DATA TO PROCESS:
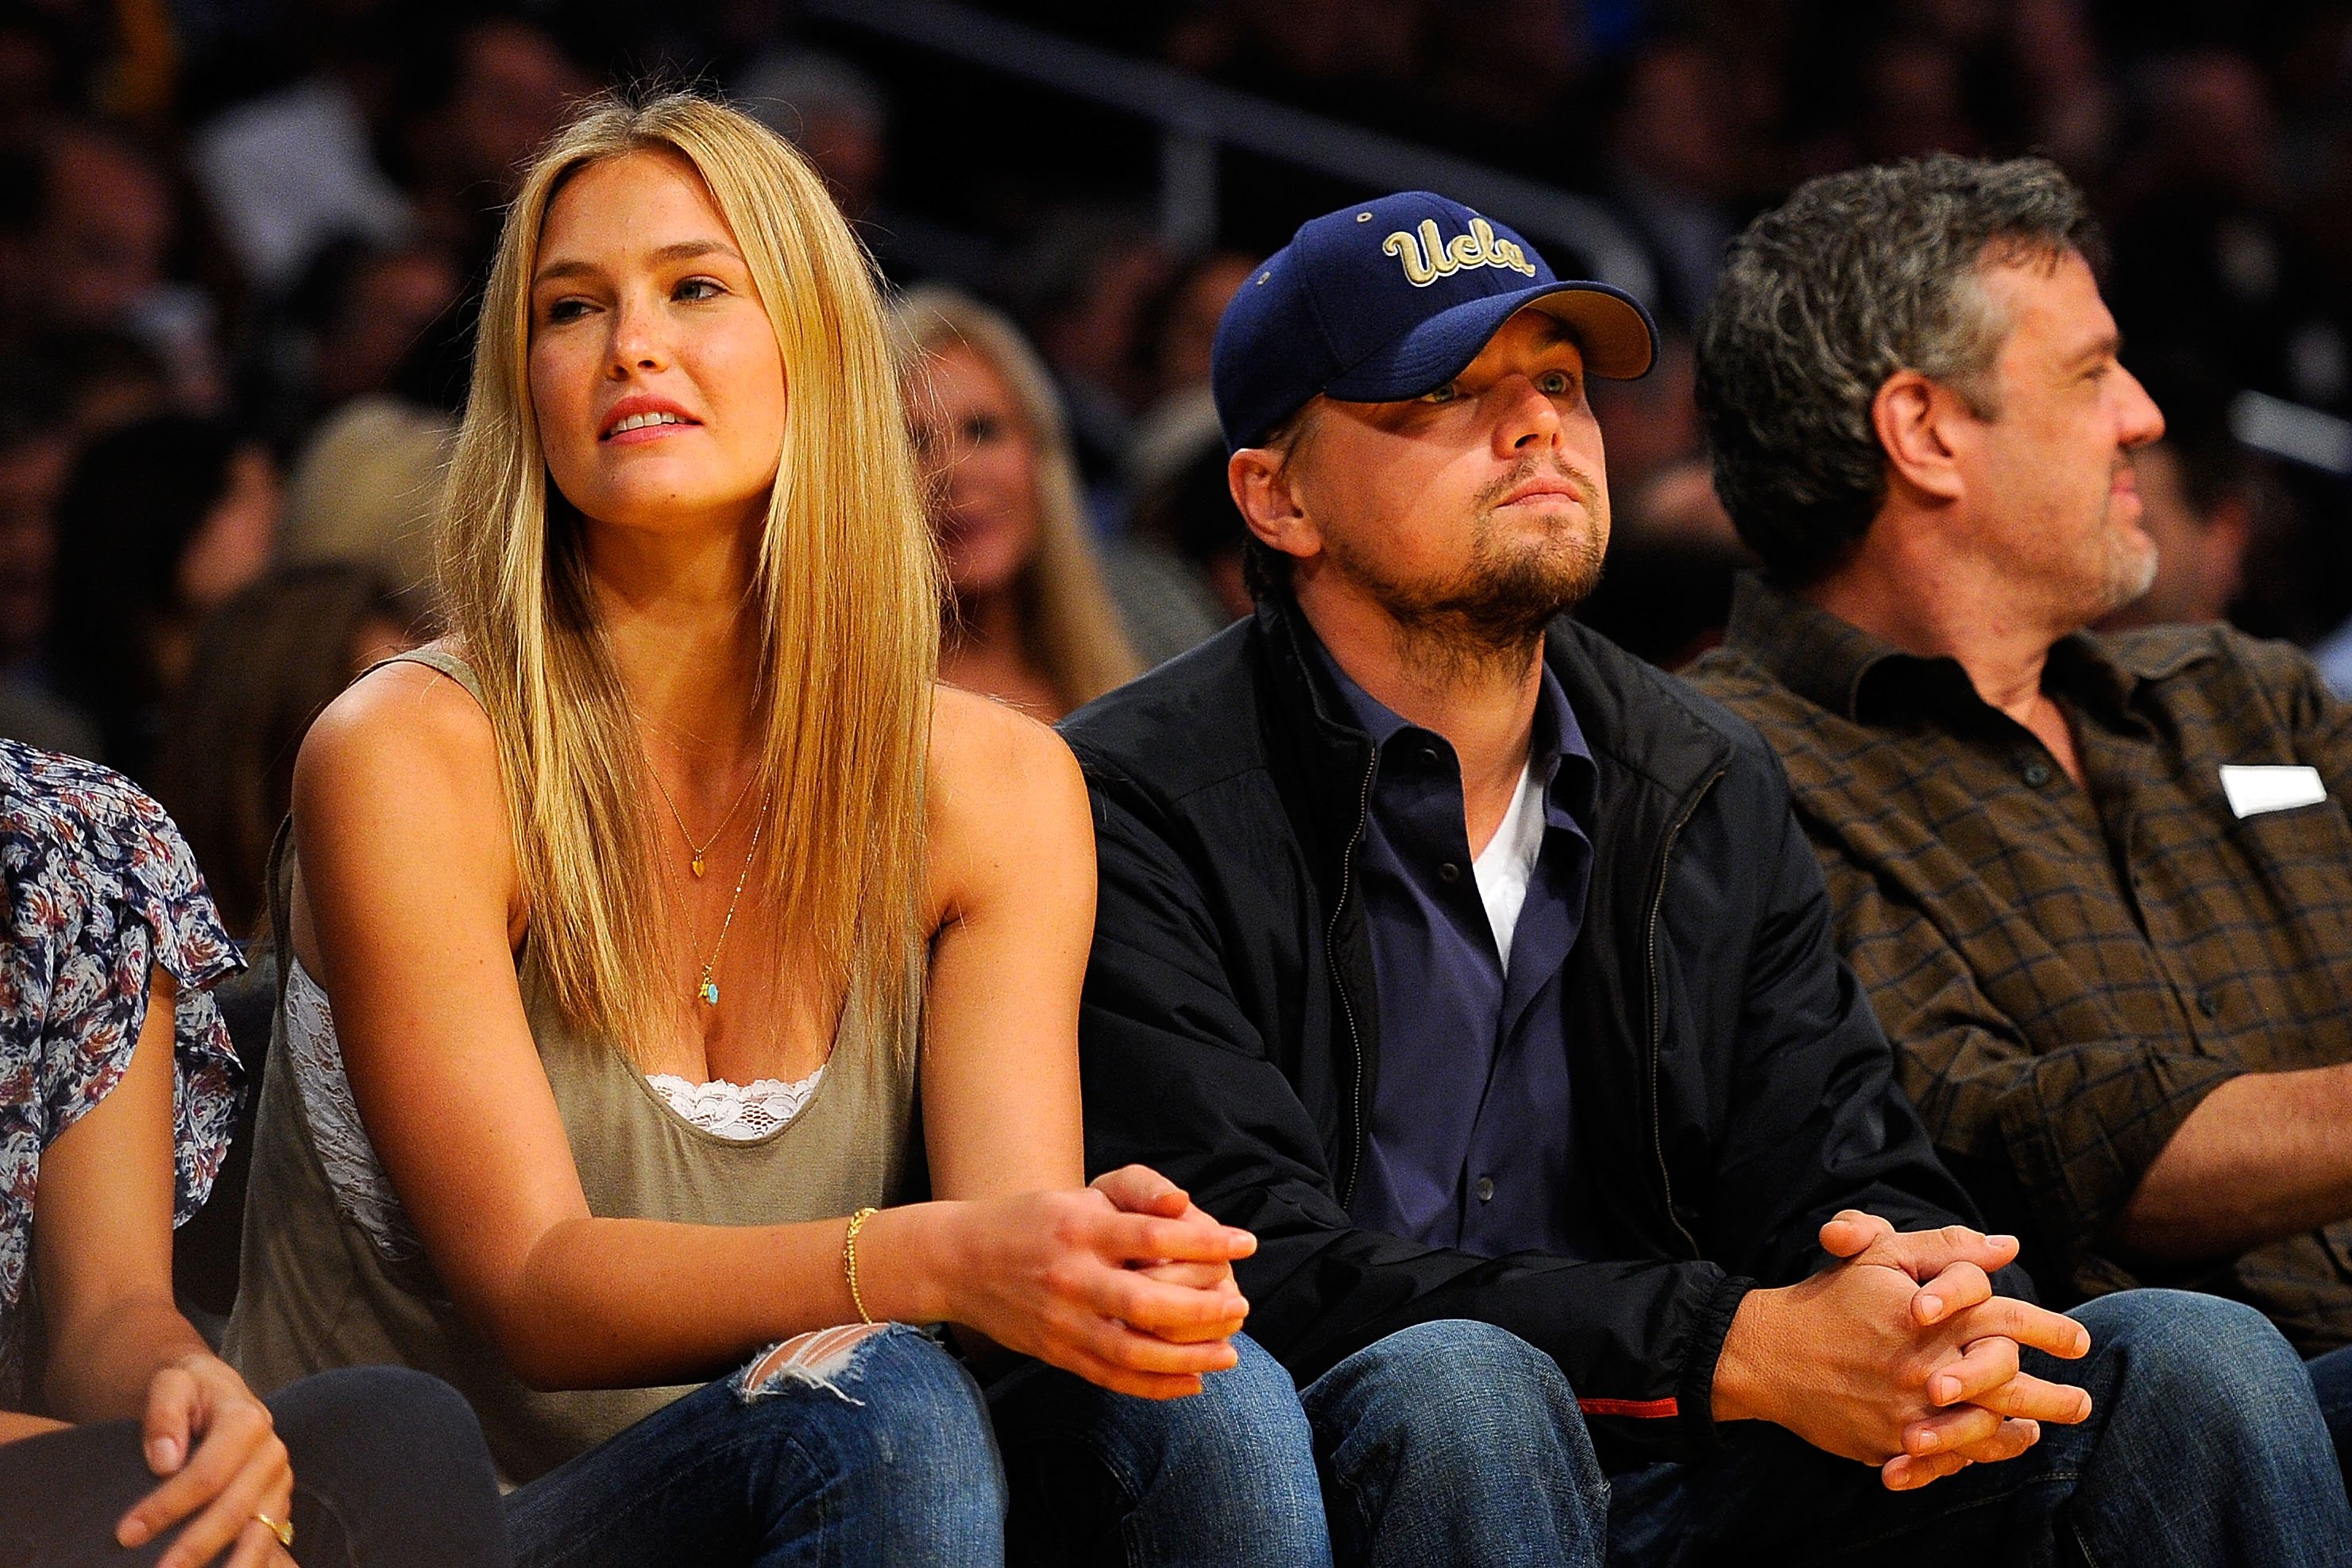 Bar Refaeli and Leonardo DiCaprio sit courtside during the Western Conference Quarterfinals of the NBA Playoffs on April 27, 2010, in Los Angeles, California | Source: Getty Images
...
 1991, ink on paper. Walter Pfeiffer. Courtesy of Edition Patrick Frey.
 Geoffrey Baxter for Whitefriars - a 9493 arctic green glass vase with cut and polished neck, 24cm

TASK DESCRIPTION: Which lines run from the one holding "1991, ink on" through the one holding "Geoffrey Baxter for" in the records above? Repeat them exactly, both included, and nothing more.

RESULT OF THE EXERCISE:
 1991, ink on paper. Walter Pfeiffer. Courtesy of Edition Patrick Frey.
 Geoffrey Baxter for Whitefriars - a 9493 arctic green glass vase with cut and polished neck, 24cm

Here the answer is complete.